--- Collected material ---
------------------------------
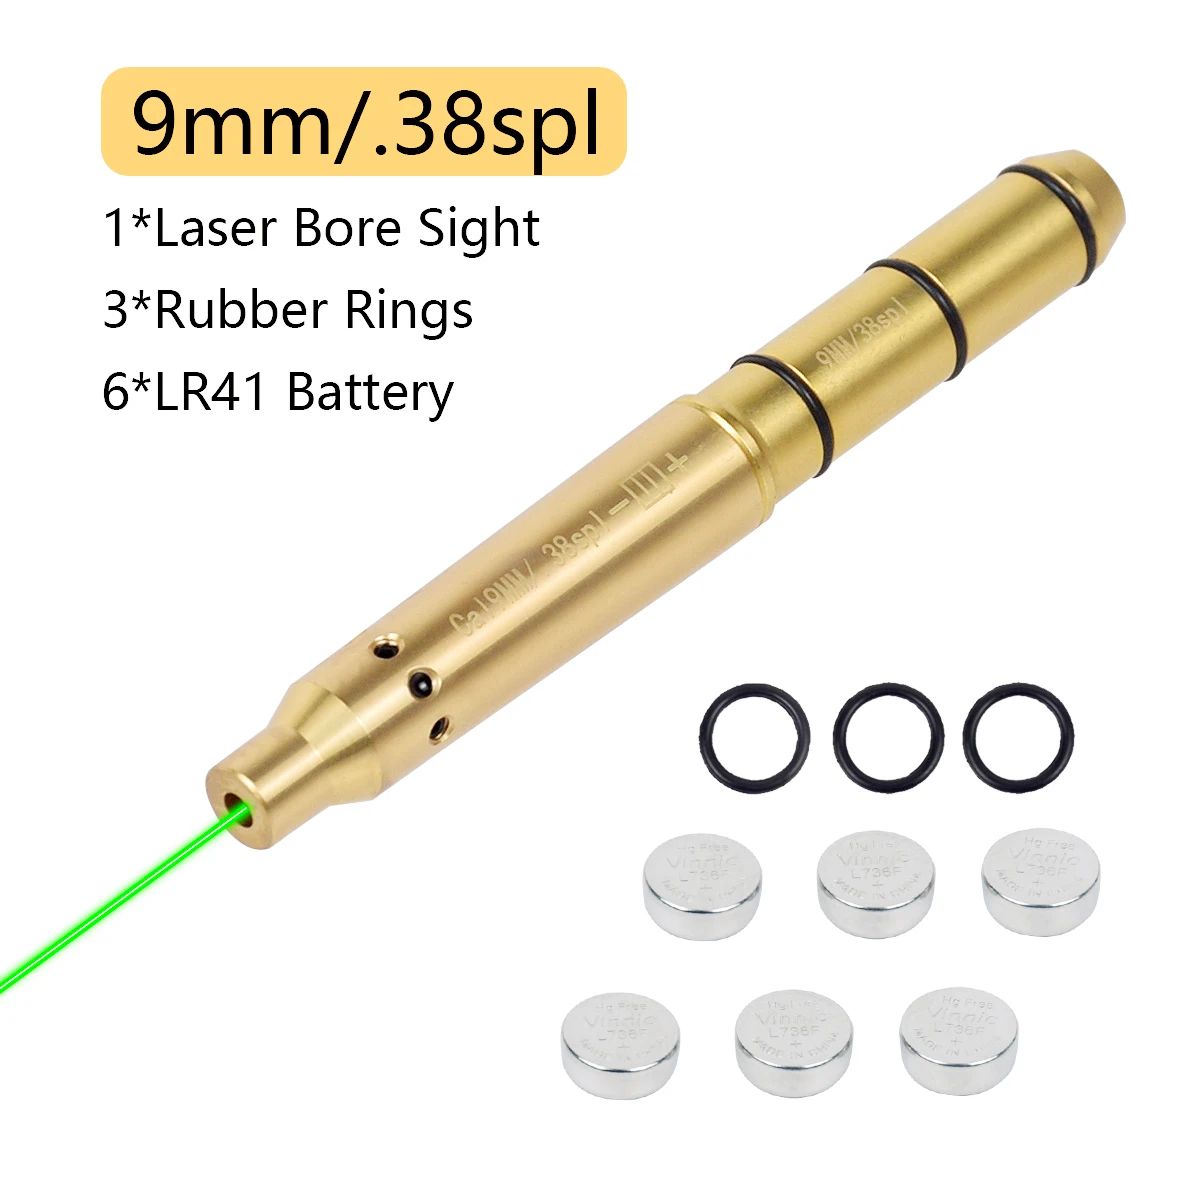 Laser verde .38SPL da 9mm
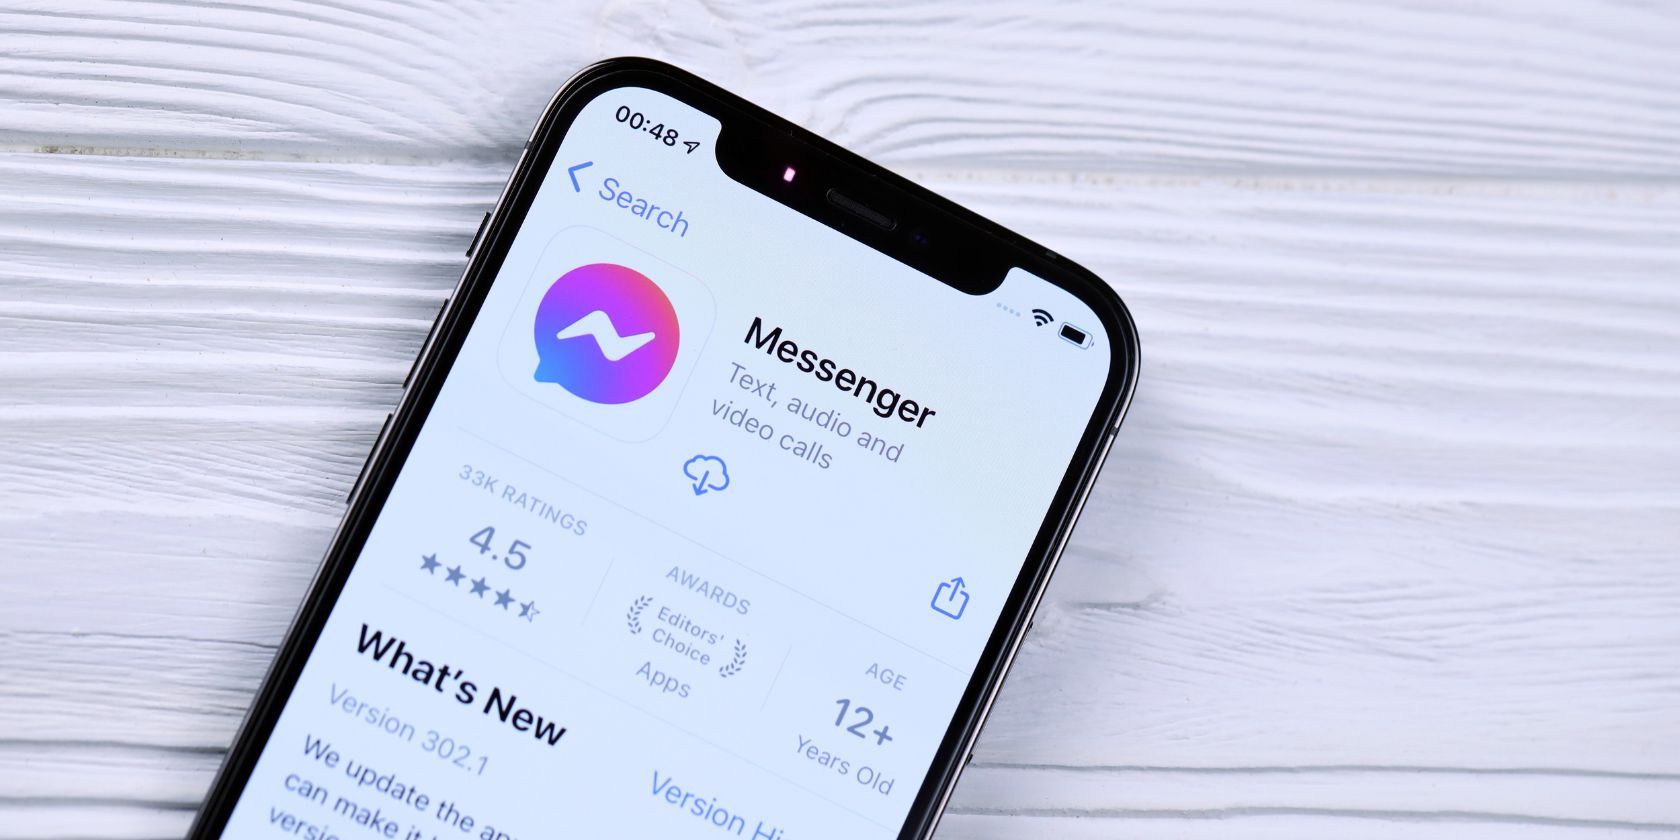 facebook messenger app store listing on a smartphone
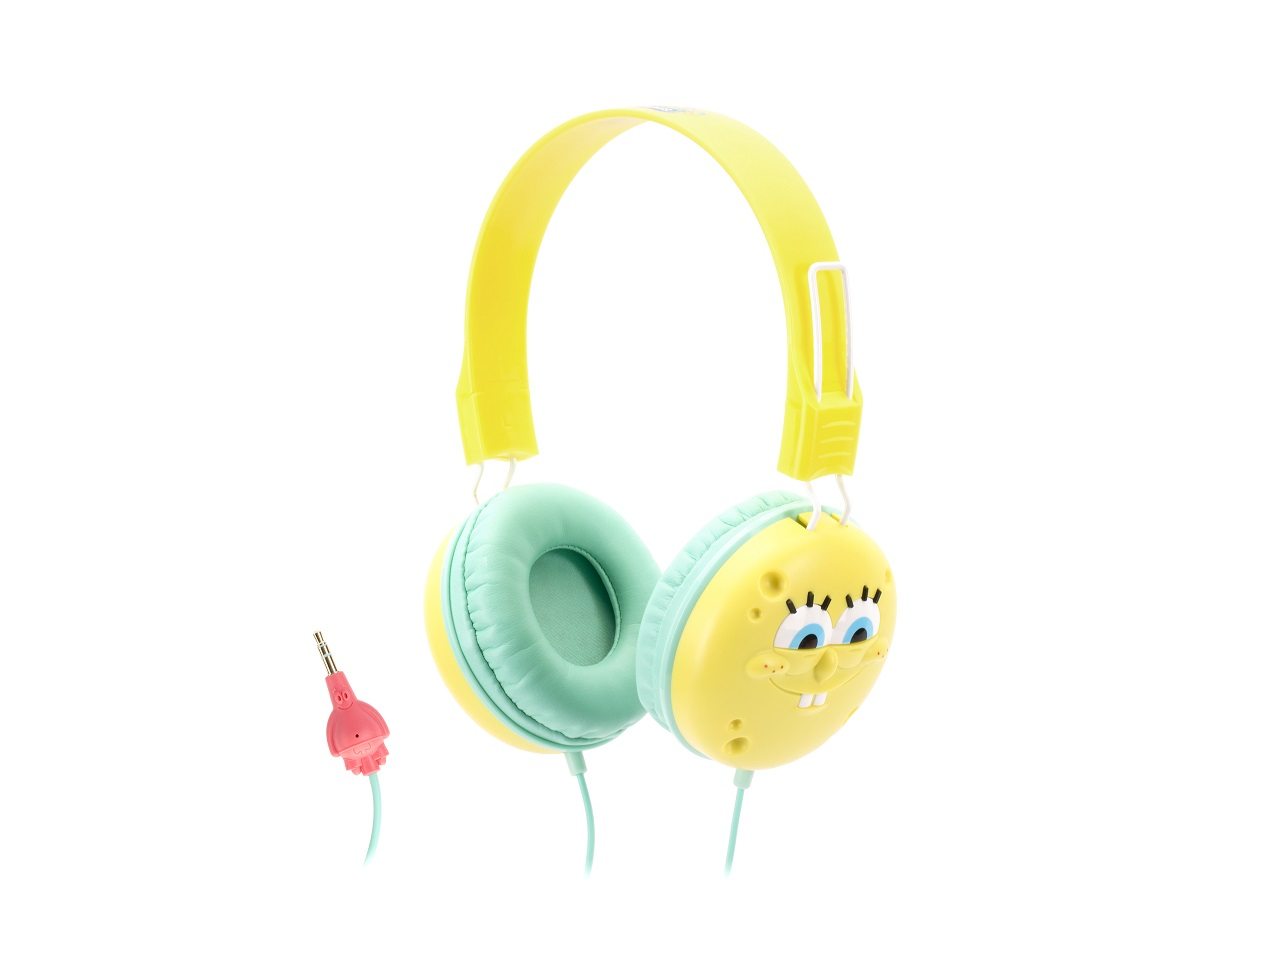 For Ages 8-12: SpongeBob SquarePants Headphones
------------------------------
Exactly as written, return each line above and leave the pictures behind.

 Laser verde .38SPL da 9mm
 facebook messenger app store listing on a smartphone
 For Ages 8-12: SpongeBob SquarePants Headphones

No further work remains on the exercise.